She seemed to just take note of the state of me, her nose crinkling. “What happened to you?”

  “Kappa’s pet. We had a bit of a disagreement over a phone. I lost.”

  “That’s a myth from Japanese folklore, right?” she asked.

  I made a sound of agreement as I gained the top of the stairs and set my bike down on the narrow landing. Caroline stepped to the side, giving me room. Her eyes were searching as they examined my face. I kept my expression neutral. It hurt when she cut me out and refused to talk to me. I'd be lying if I said there wasn't a small, petty part of me that held onto a heaping dose of anger. The rest of me understood.

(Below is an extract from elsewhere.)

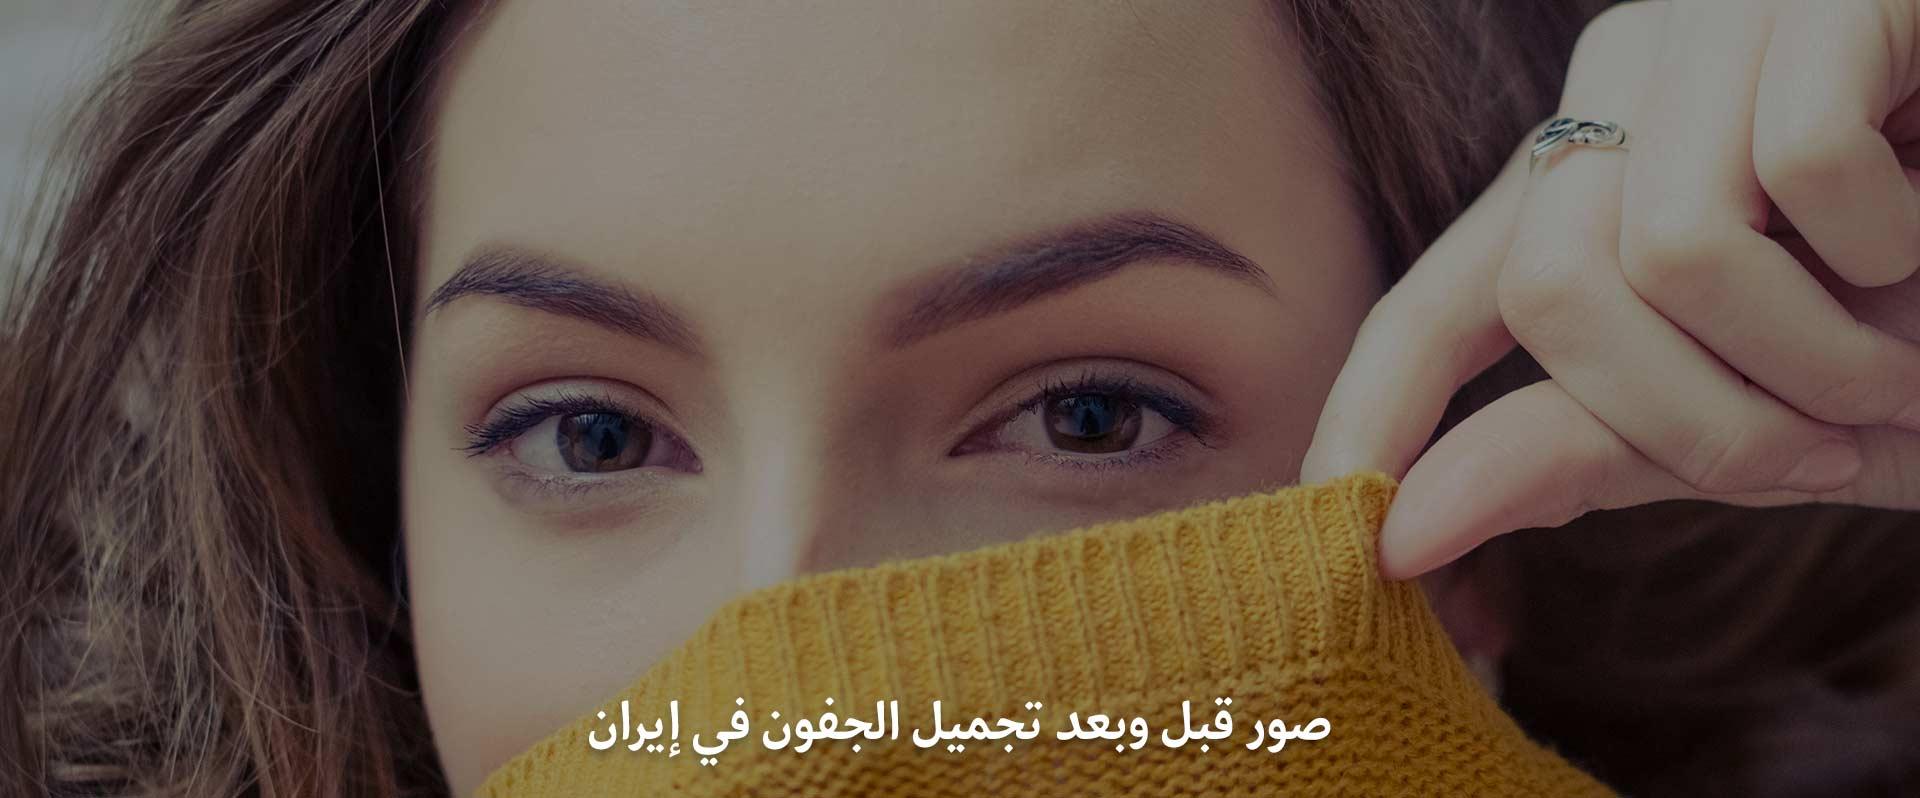 صور قبل وبعد شد الجفون في ايران
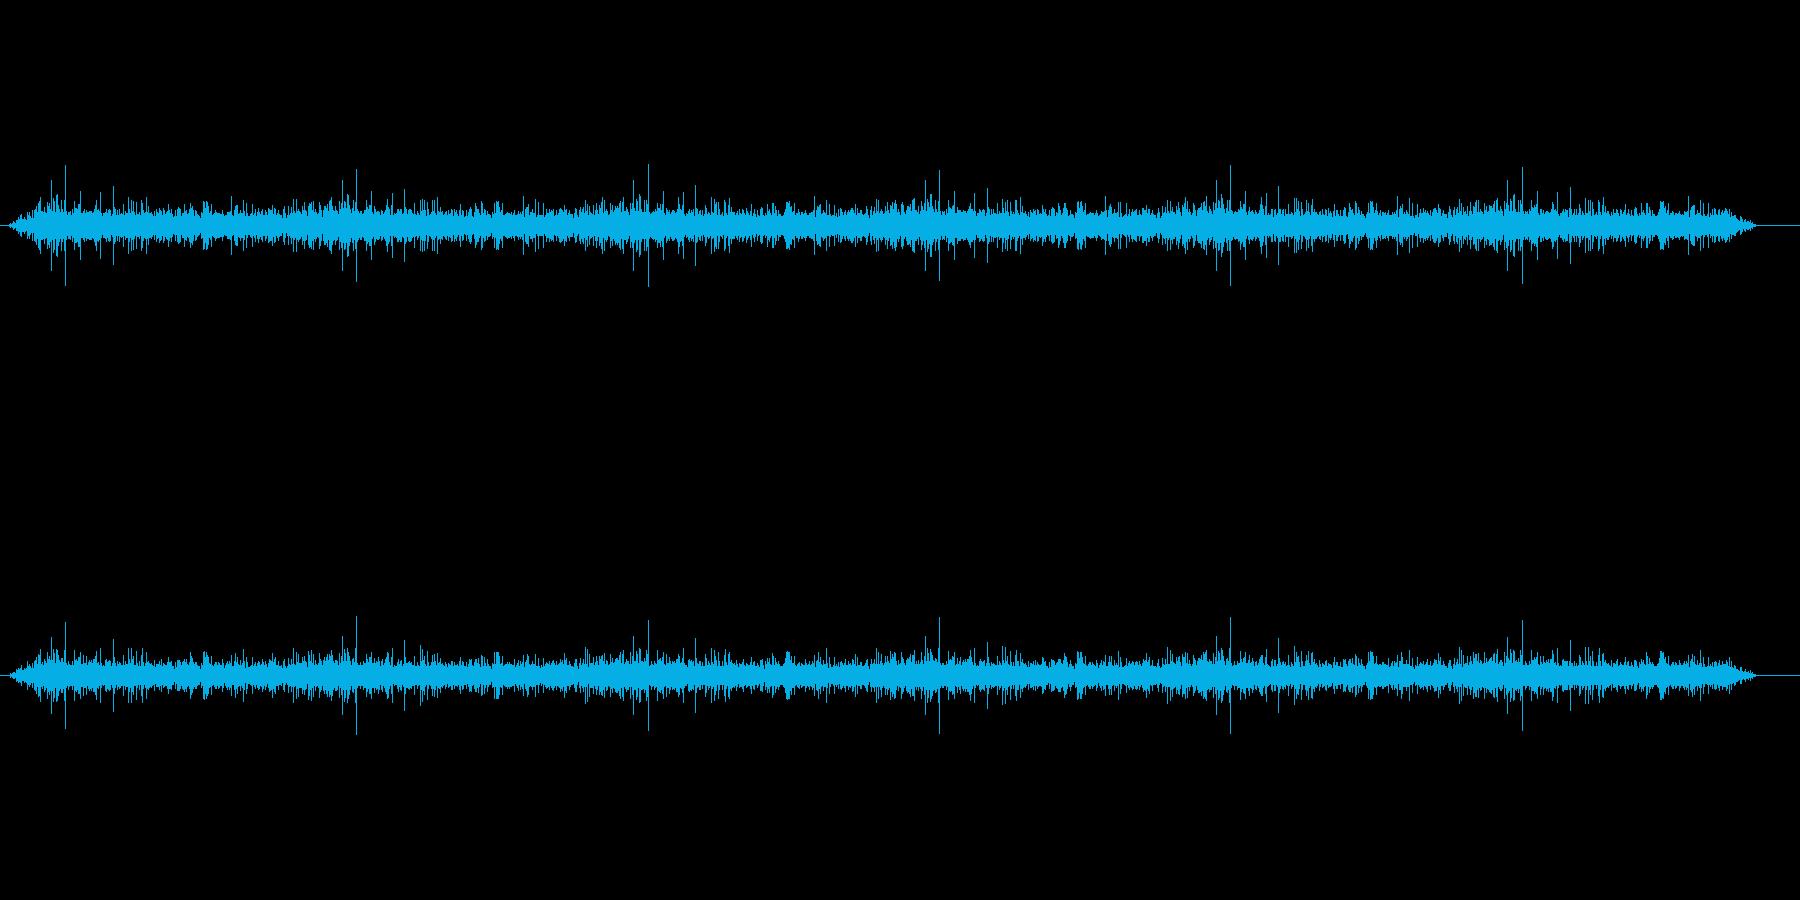 【録音】トイレ流水音1分(フェードイン)の再生済みの波形

  She’d just been trying to do an old friend a favor, not knowing all the shit that friend was going through, and that simple act of kindness destroyed life as she knew it. I understood. I'd faced some of the same anger and played a similar blame game when I'd been turned. I didn't fault her for her reaction, but it had still hurt to be told my best friend since childhood didn't want to speak to me.

  "I forgot you worked nights," Caroline said, her voice stilted.

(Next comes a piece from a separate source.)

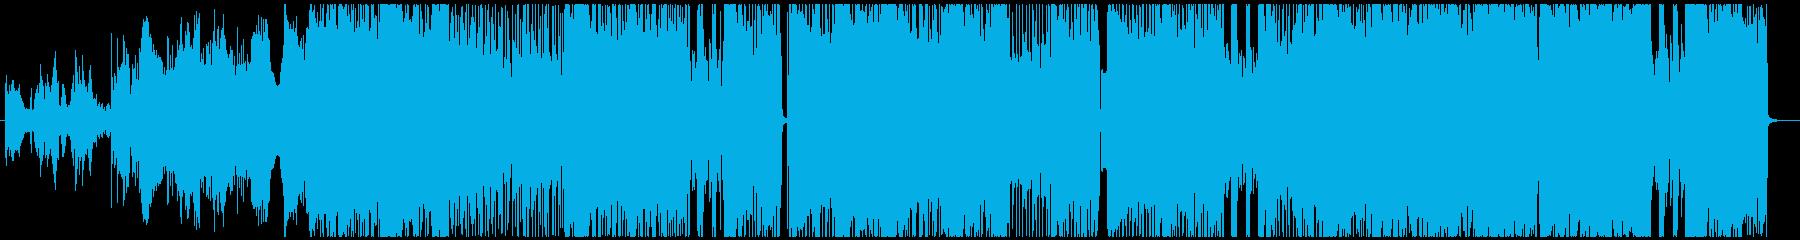 エスニック調なダークロックの再生済みの波形
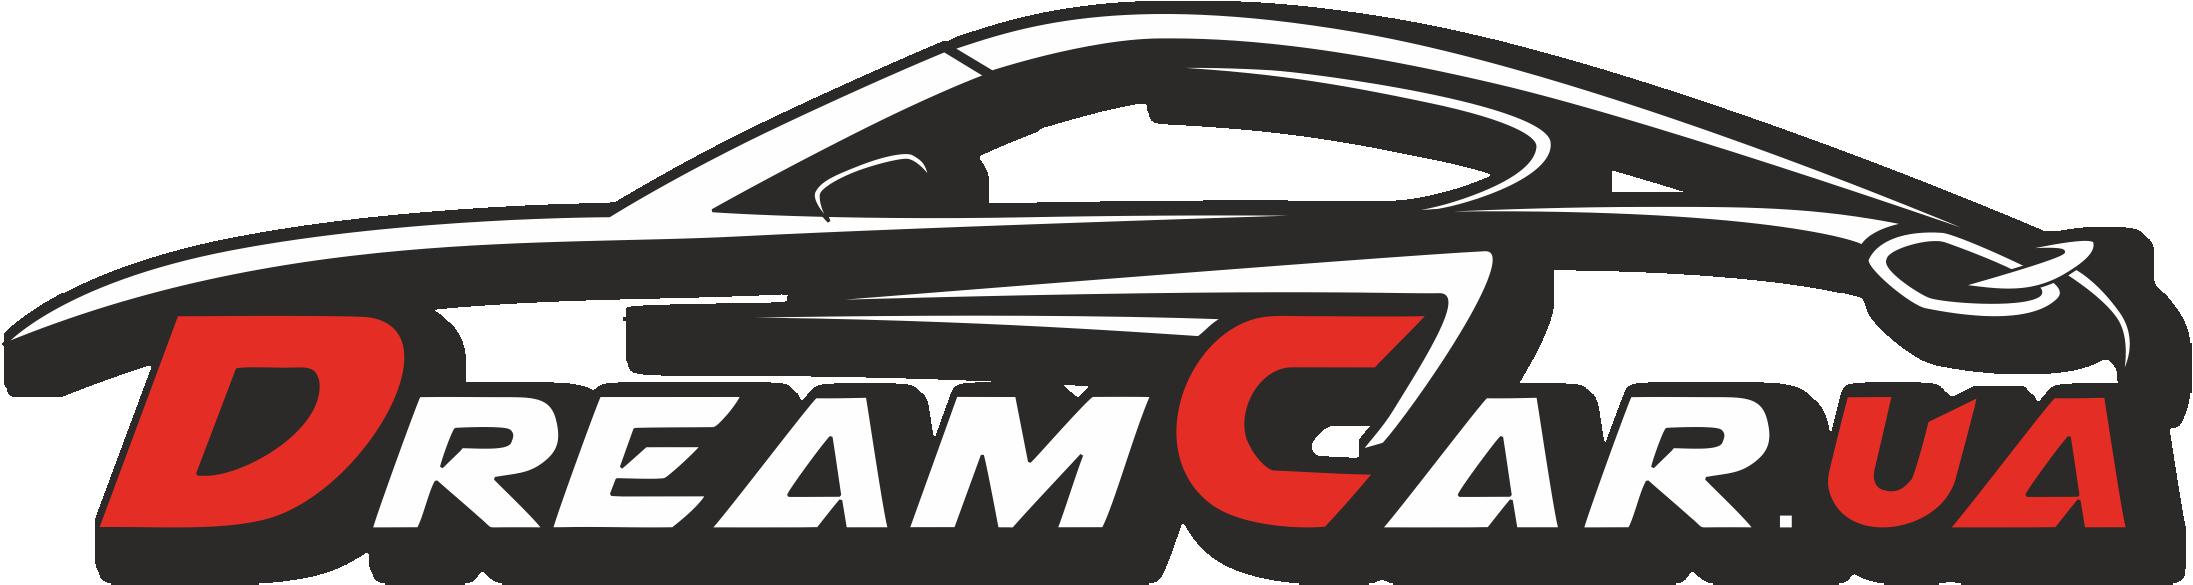 DreamCar.ua

  I nodded and looked at my door and then back to her. Did I invite her in? Send her on her way? I hated this awkwardness between us.

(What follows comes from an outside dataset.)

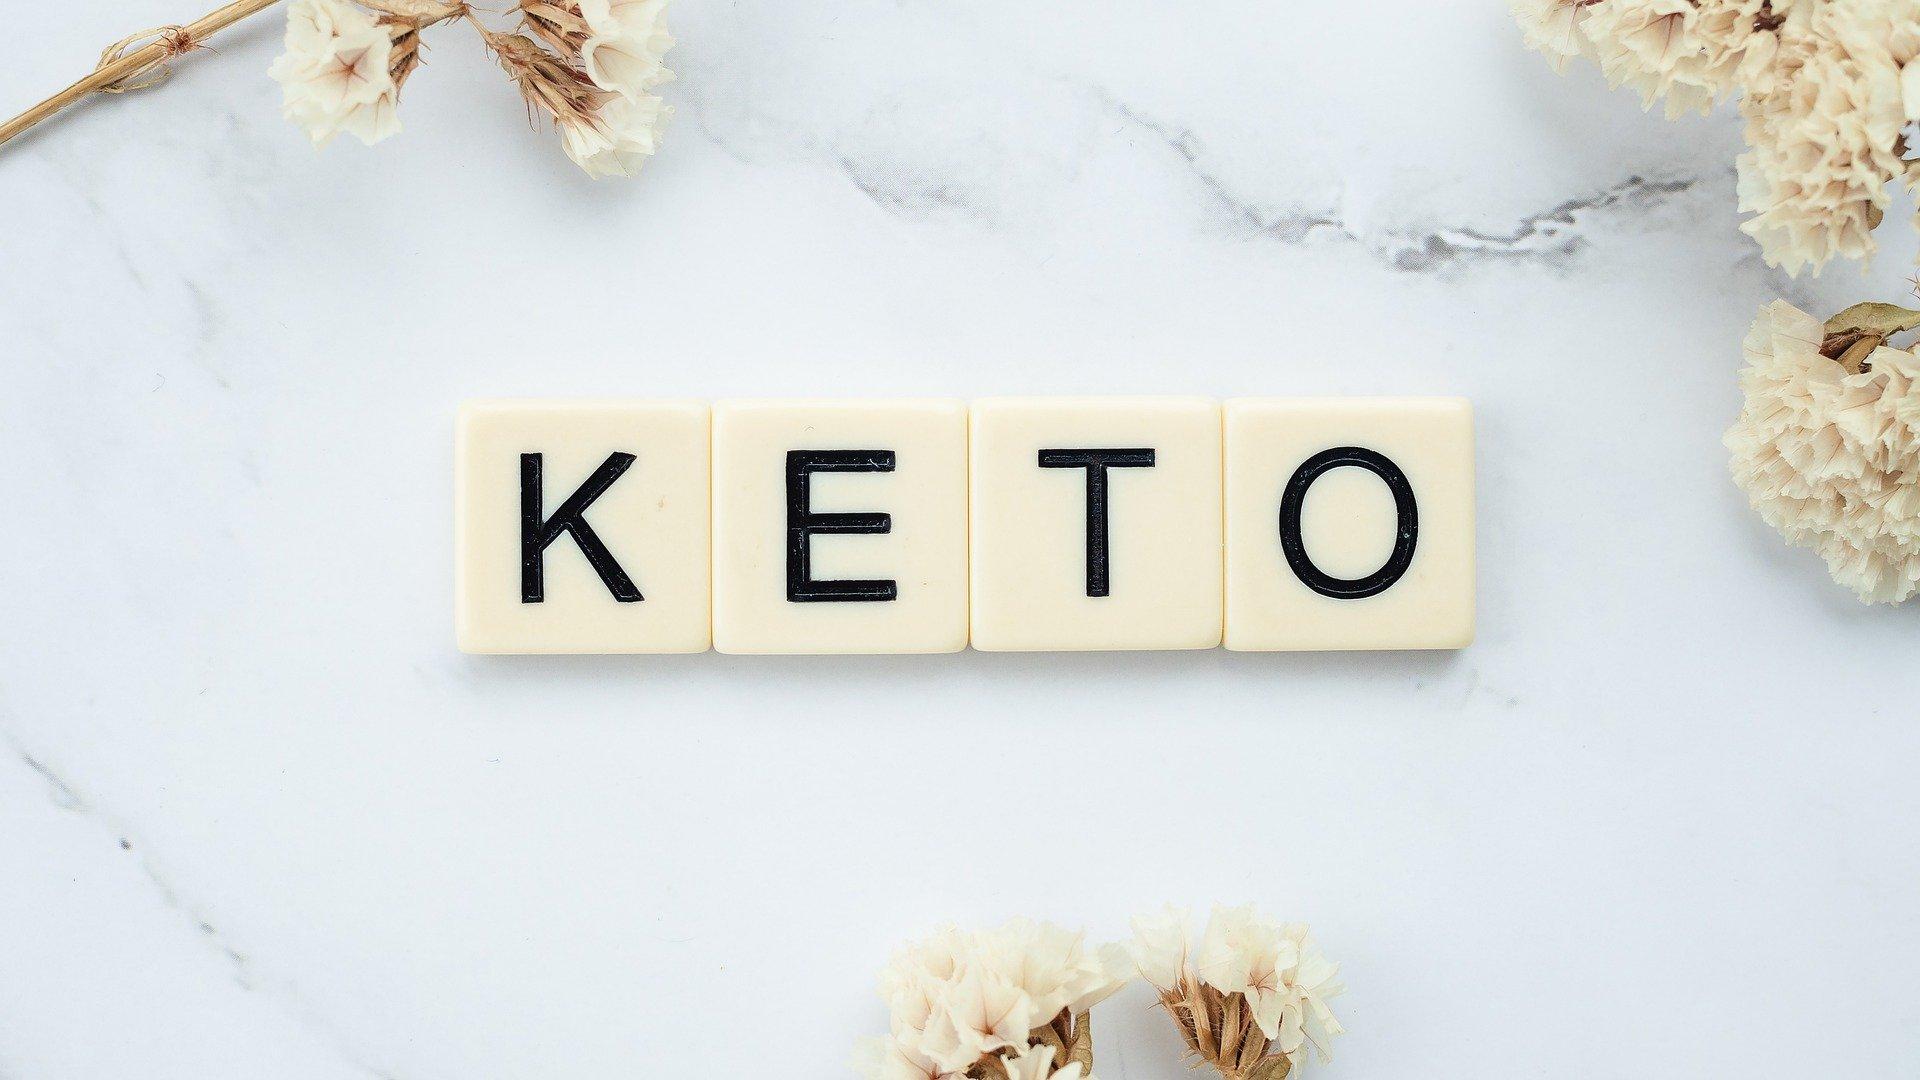 فوائد واضرار نظام الكيتو دايت

  I decided to be direct. Caroline had never been good with subtext. I doubted that had changed now that she was a werewolf. At least, I assumed she was a werewolf. I didn't really know, since Brax had stopped providing me with updates when she made it clear she wanted nothing to do with me. As the alpha of the wolves, Brax’s loyalty was to them first. It meant he did what was best for her; my feelings be damned. It was the right call, but it still stung.

  "What are you doing here?"

  She fiddled with a rubber band on her wrist, snapping it against her skin three times before her hands dropped to her side. Caroline had never been fidgety. Now, she looked like she was sitting on a rocket blaster of energy and barely keeping it contained.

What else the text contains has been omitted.